Connecting to raw.githubusercontent.com (raw.githubusercontent.com)|2606:50c0:8002::154|:443... connected.
HTTP request sent, awaiting response... 200 OK
Length: 3144 (3.1K) [text/plain]
Saving to: ‘schemas/analysis-schema.json’


2025-02-03 09:46:51 (30.0 MB/s) - ‘schemas/analysis-schema.json’ saved [3144/3144]
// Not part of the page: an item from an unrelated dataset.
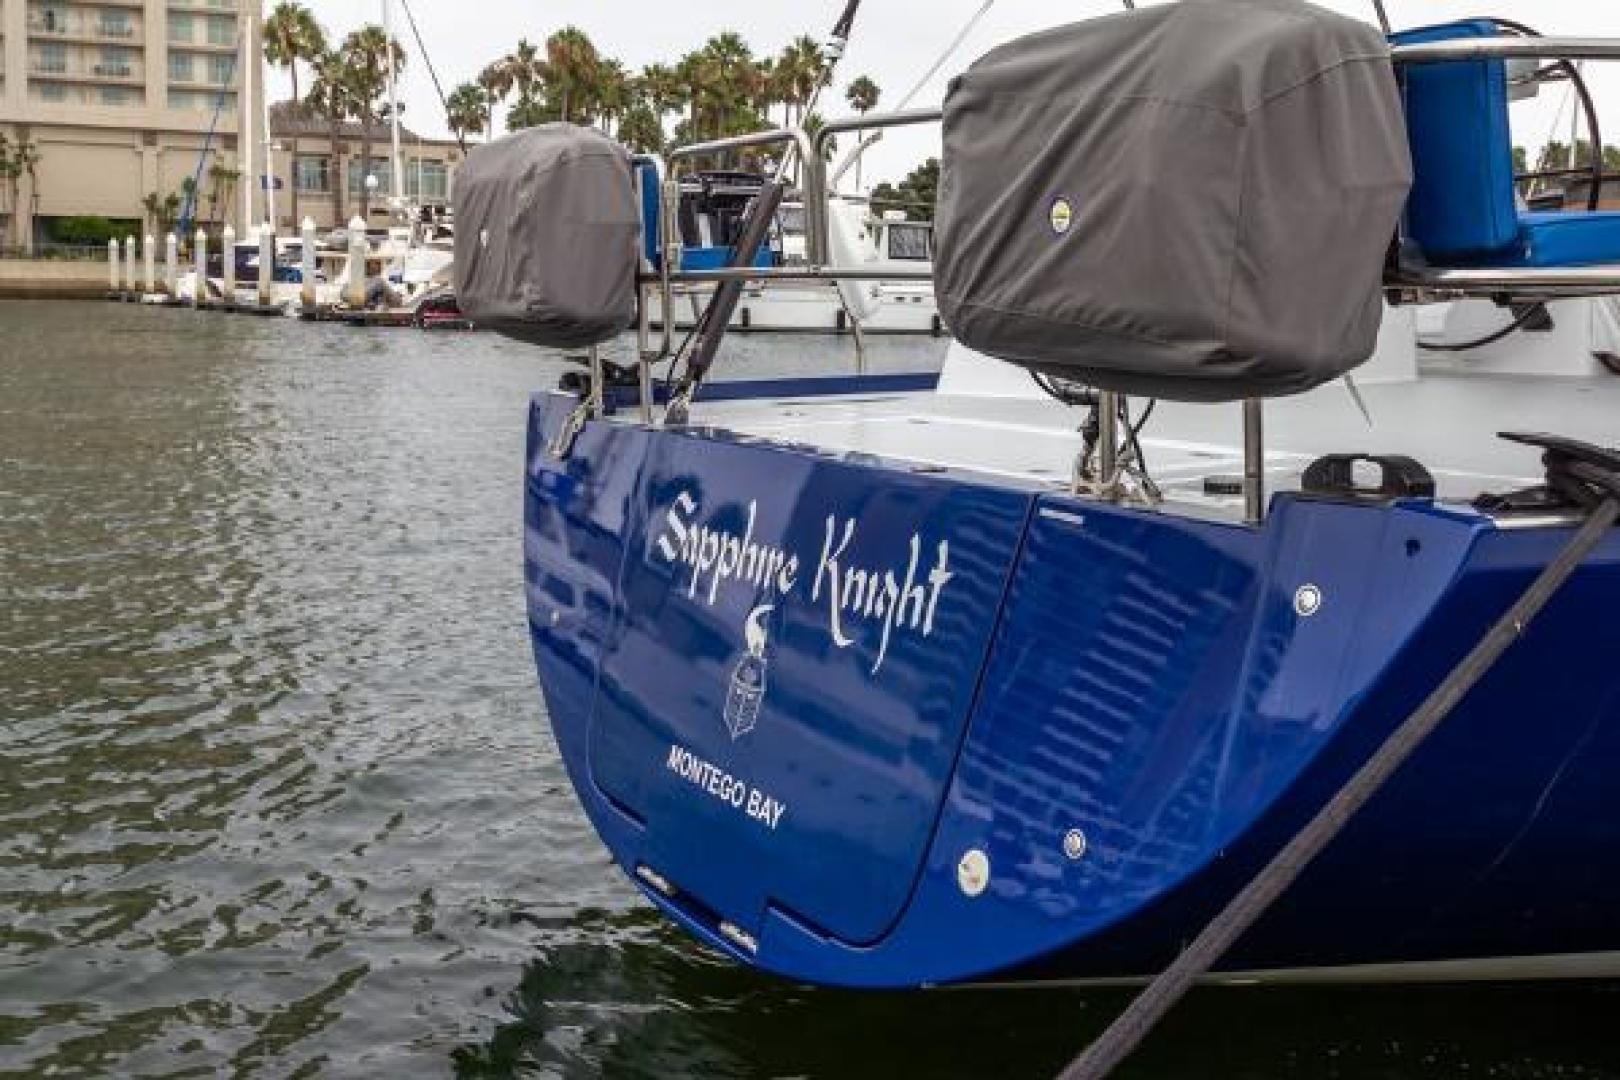 Custom-Farr 85 Deck Salon 2020-Sapphire Knight California-United States-1230222 | Thumbnail

--2025-02-03 09:46:52--  https://raw.githubusercontent.com/GSI-Xapiens-CSIRO/sBeacon-BGSi/refs/heads/main/shared_resources/schemas/biosample-schema.json
Resolving raw.githubusercontent.com (raw.githubusercontent.com)... 2606:50c0:8002::154, 2606:50c0:8003::154, 2606:50c0:8000::154, ...
Connecting to raw.githubusercontent.com (raw.githubusercontent.com)|2606:50c0:8002::

In [15]:
from jsonschema import Draft202012Validator, RefResolver
import os

  from jsonschema import Draft202012Validator, RefResolver


In [16]:

def validate_request(parameters):
    # inject dummy values for missing fields - these will be added by the Dataportal during submission
    parameters["datasetId"] = "Dataset Id"
    parameters["projectName"] = "Project Name"
    parameters["vcfLocations"] = ["vcfLocation1", "vcfLocation2"]
    # load validator
    new_schema = "./schemas/submit-dataset-schema-new.json"
    schema_dir = os.path.dirname(os.path.abspath(new_schema))
    new_schema = json.load(open(new_schema))
    resolveNew = RefResolver(base_uri="file://" + schema_dir + "/", referrer=new_schema)
    validator = Draft202012Validator(new_schema, resolver=resolveNew)
    errors = []

    for error in sorted(validator.iter_errors(parameters), key=lambda e: e.path):
        error_message = f"{error.message} "
        for part in list(error.path):
            error_message += f"/{part}"
        errors.append(error_message)
    return errors

validate_request(submission)

[]

If the above output is `[]` or an empty list, you do not have any errors.

Otherwise you'll see the JSON path of errors and can be fixed.